Ledoit-Wolf vs Covariance simple estimationΒΆ
Covariance estimation can be regularized using a shrinkage parameter. Ledoit-Wolf estimates automatically this parameter. In this example, we compute the likelihood of unseen data for different values of the shrinkage parameter.

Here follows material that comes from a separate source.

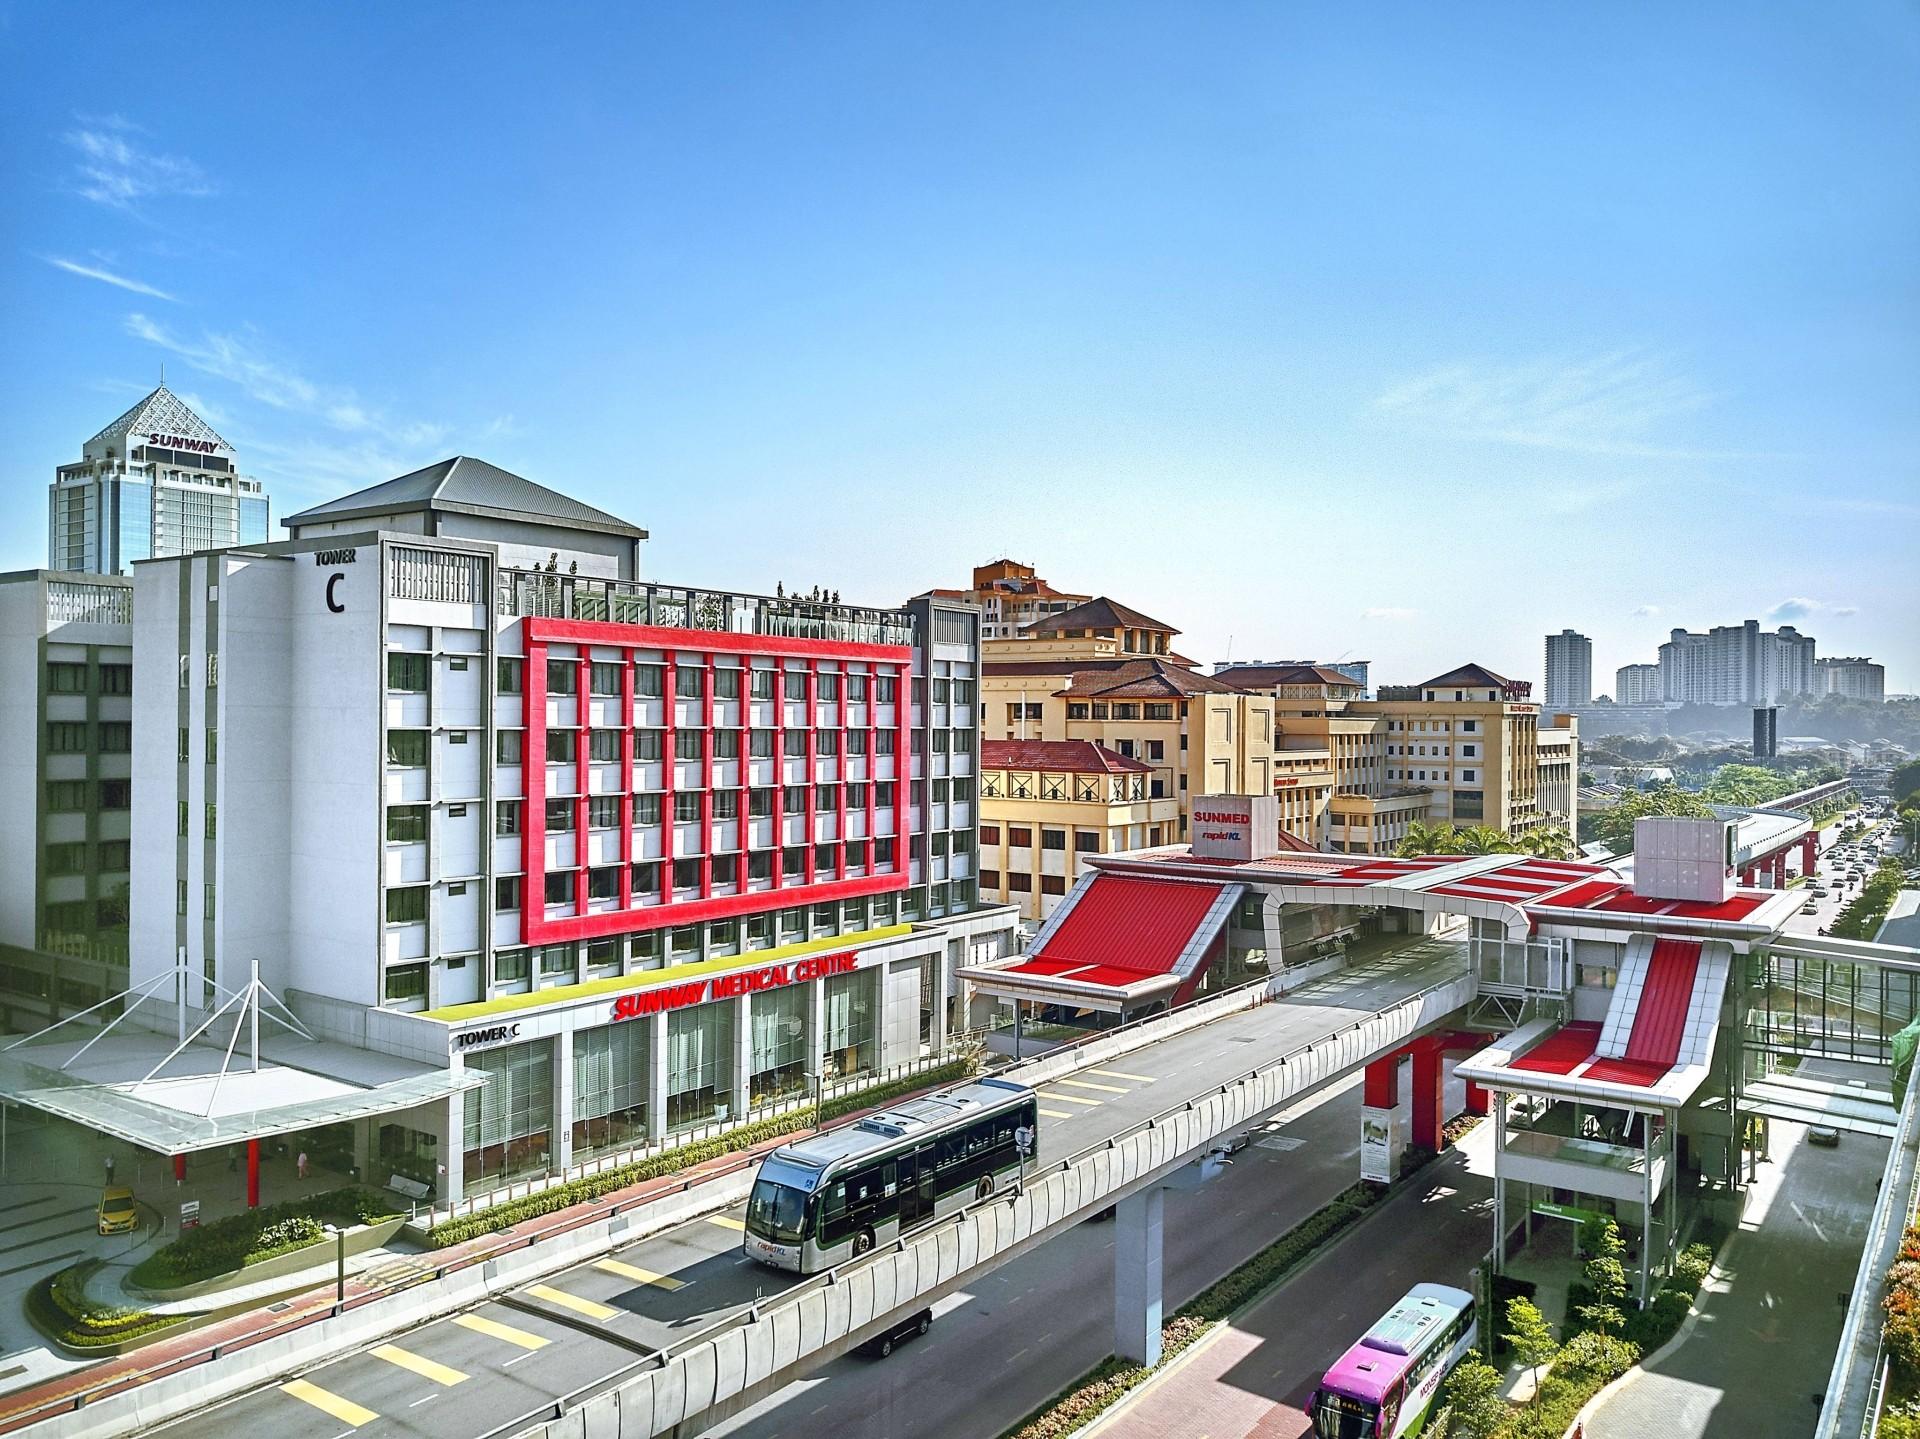 Bệnh viện Sunway (Malaysia) - Nơi có hệ thống y tế tương đồng thậm chí vượt trội ở một số phương án điều trị với chi phí hợp lý hơn rất nhiều.

The Ledoit-Wolf estimate reaches an almost optimal value.
Python source code: plot_covariance_estimation.py
print __doc__
import numpy as np
import pylab as pl
###############################################################################
# Generate sample data
n_features, n_samples = 30, 20
X_train = np.random.normal(size=(n_samples, n_features))
X_test = np.random.normal(size=(n_samples, n_features))
# Color samples
coloring_matrix = np.random.normal(size=(n_features, n_features))
X_train = np.dot(X_train, coloring_matrix)
X_test = np.dot(X_test, coloring_matrix)
###############################################################################
# Compute Ledoit-Wolf and Covariances on a grid of shrinkages
from scikits.learn.covariance import LedoitWolf, ShrunkCovariance
lw = LedoitWolf()
loglik_lw = lw.fit(X_train).score(X_test)
cov = ShrunkCovariance()
shrinkages = np.logspace(-2, 0, 30)
negative_logliks = [-cov.fit(X_train, shrinkage=s).score(X_test) \
for s in shrinkages]
###############################################################################
# Plot results
pl.loglog(shrinkages, negative_logliks)
pl.xlabel('Shrinkage')
pl.ylabel('Negative log-likelihood')
pl.vlines(lw.shrinkage_, pl.ylim()[0], -loglik_lw, color='g',
linewidth=3, label='Ledoit-Wolf estimate')
pl.legend()
pl.show()